* **Supplied information**:
-------------------------

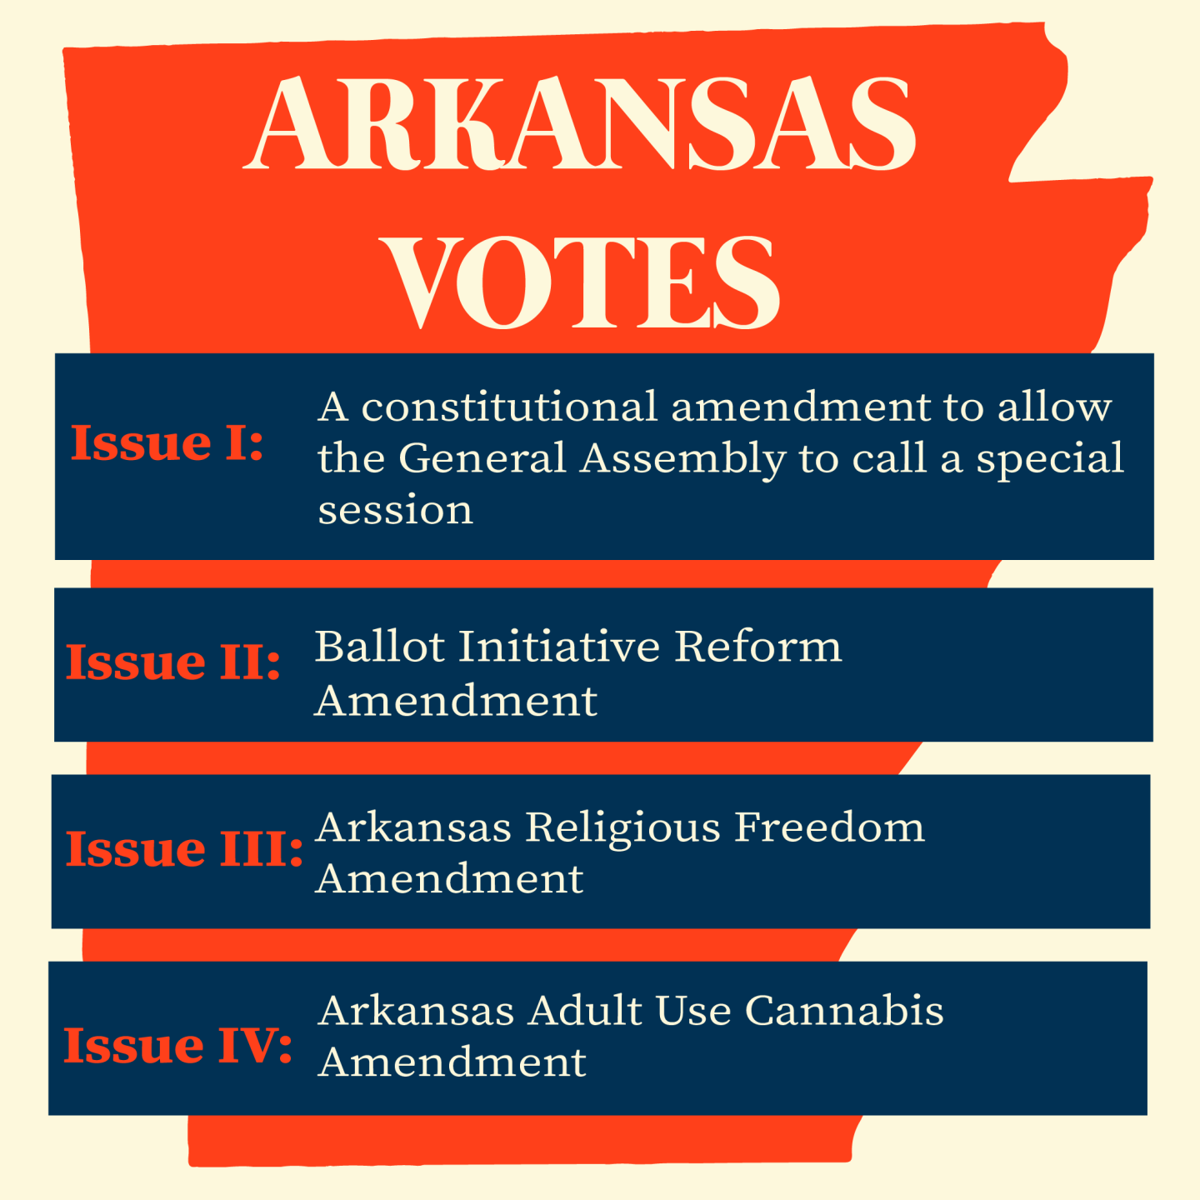 27 Amendments
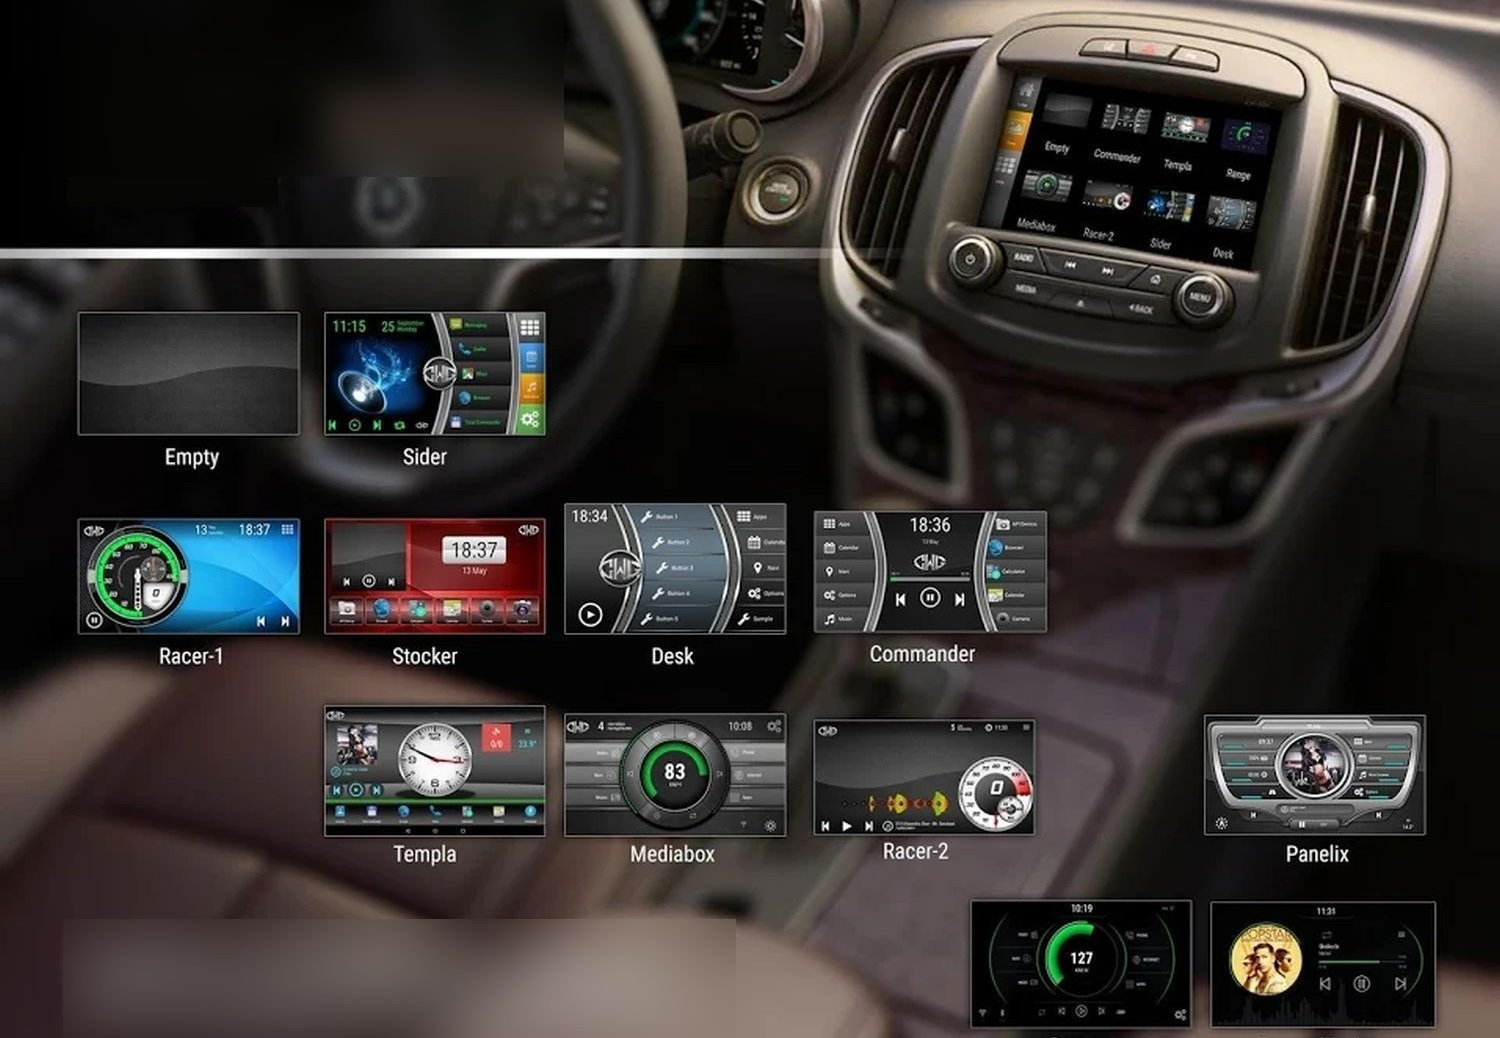 Android Auto: Display aufrüsten - Alternativer Launcher bringt
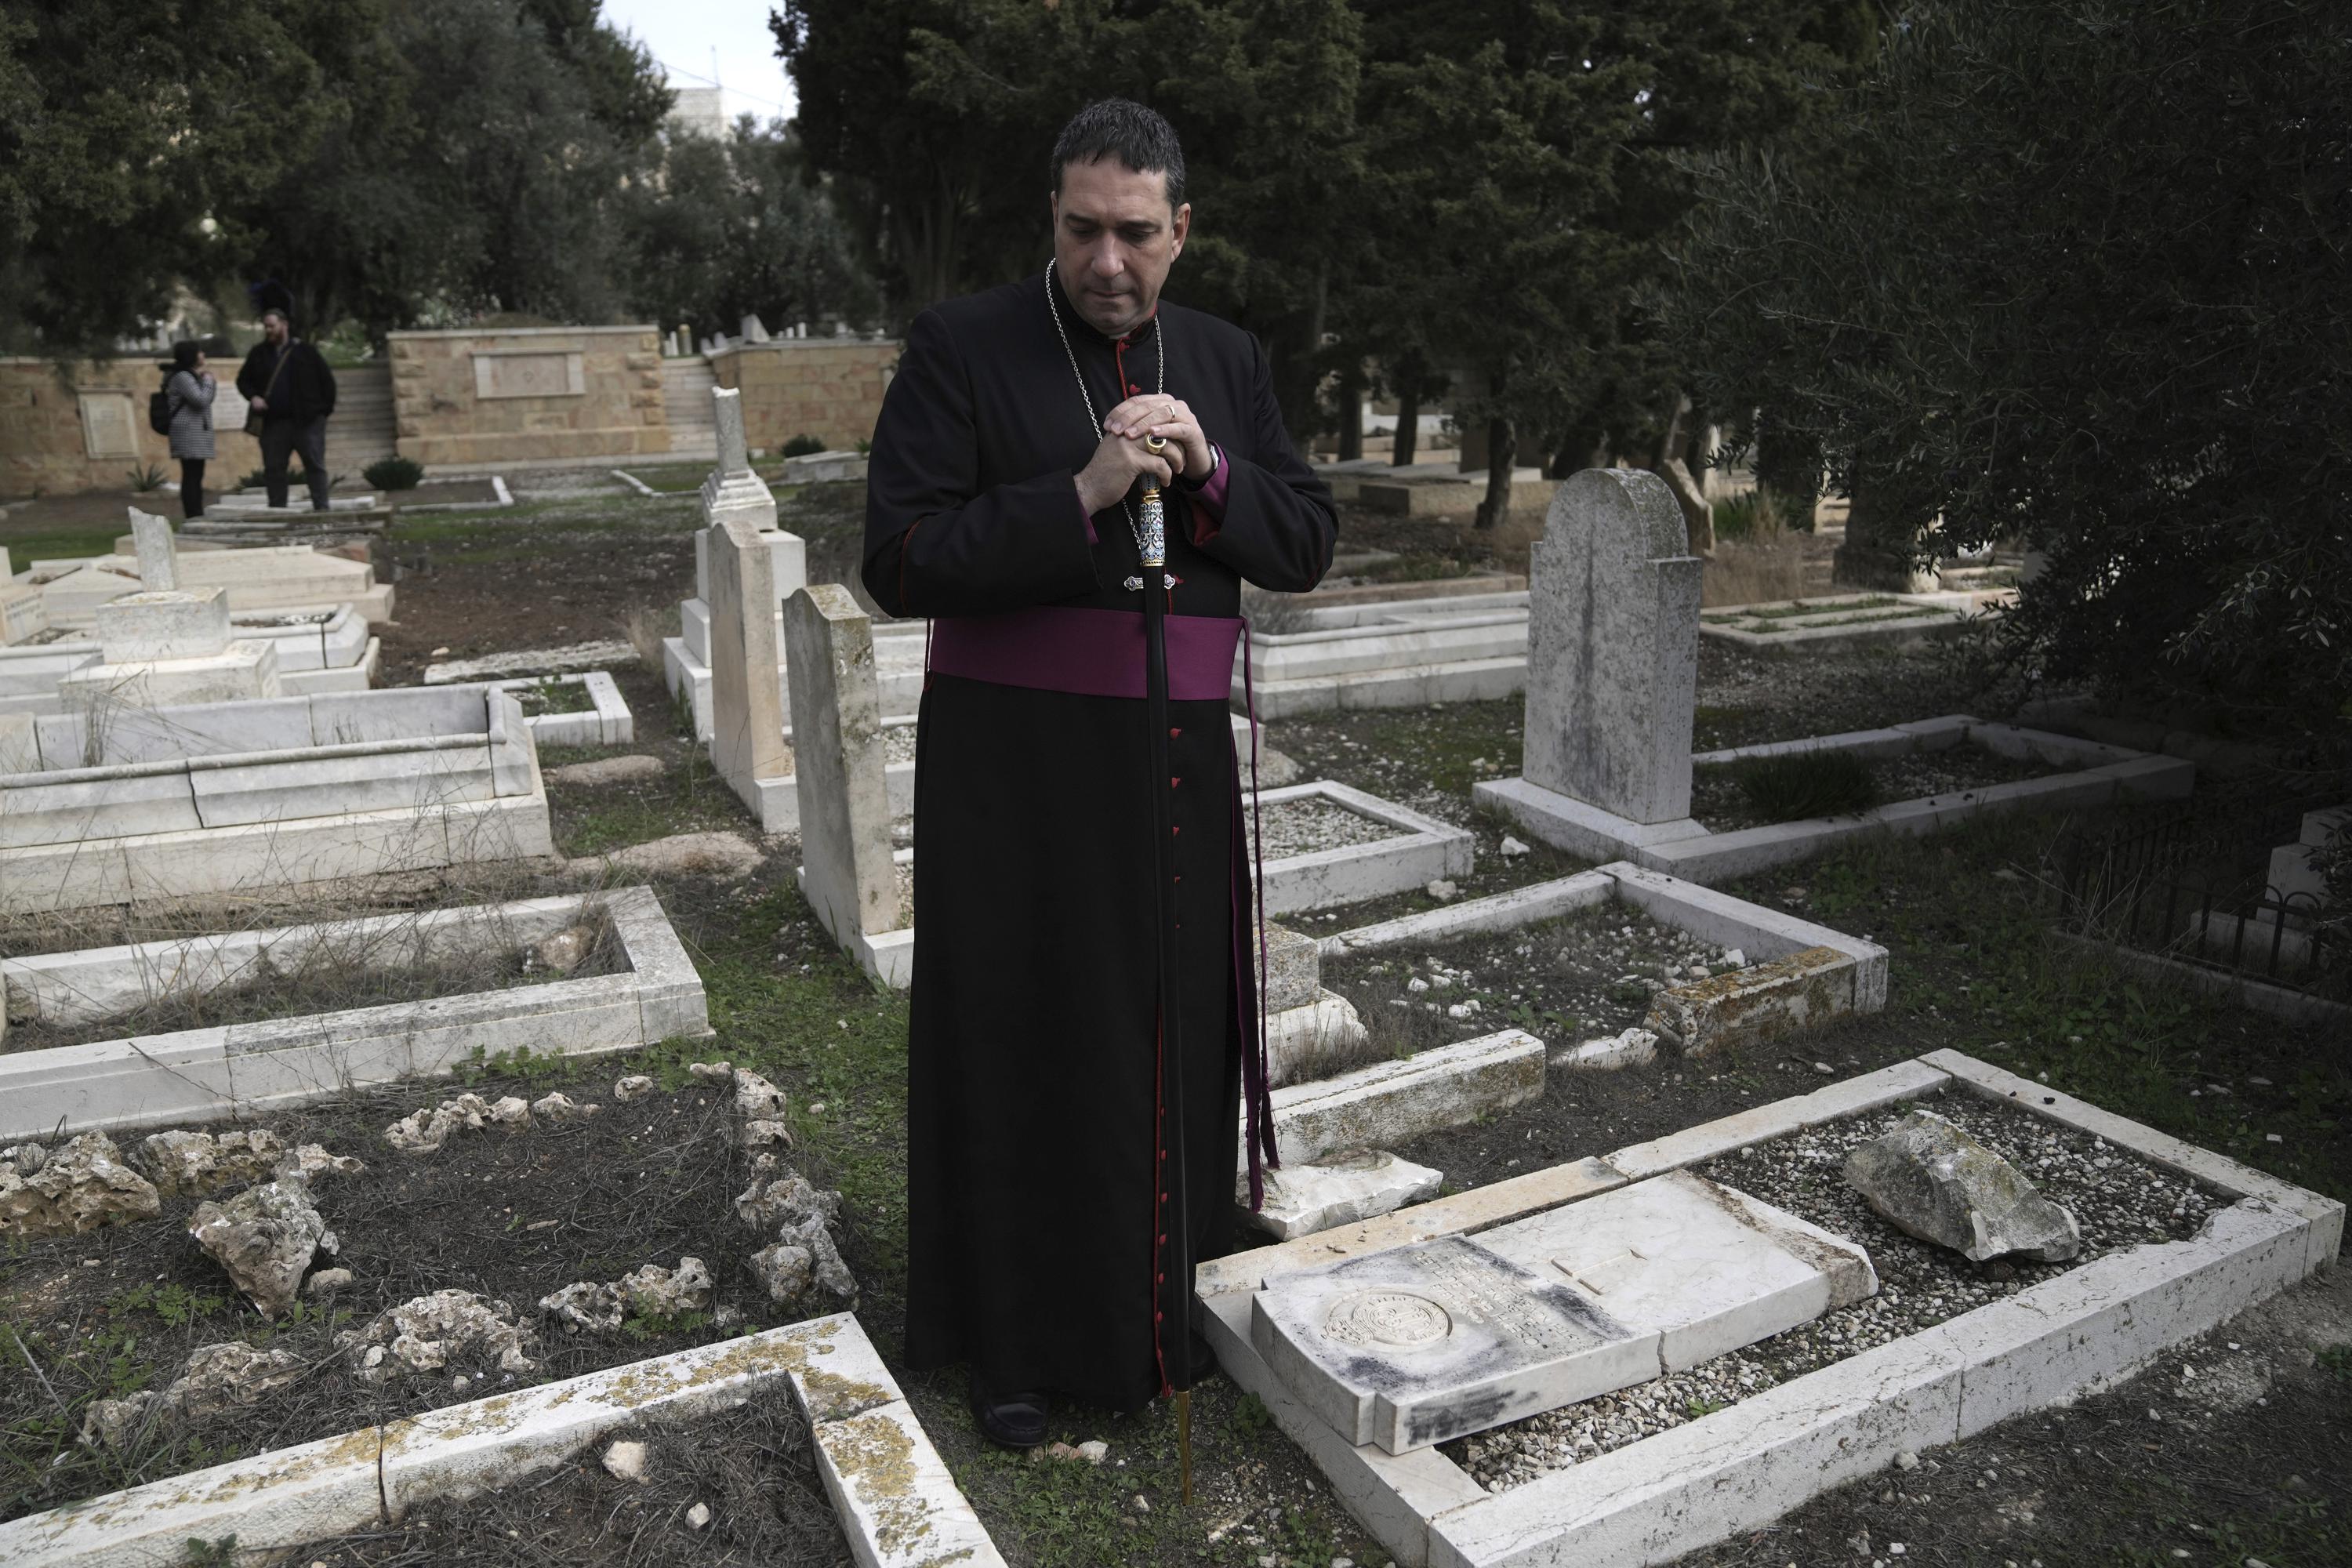 Attack on Jerusalem graves unnerves Christians

-------------------------

* **Exercise aim**: Working from the line that contains "Android Auto: Display" to the last line of the listing, please quote each line exactly, pictures excluded.

* **Completed exercise**:
 Android Auto: Display aufrüsten - Alternativer Launcher bringt
 Attack on Jerusalem graves unnerves Christians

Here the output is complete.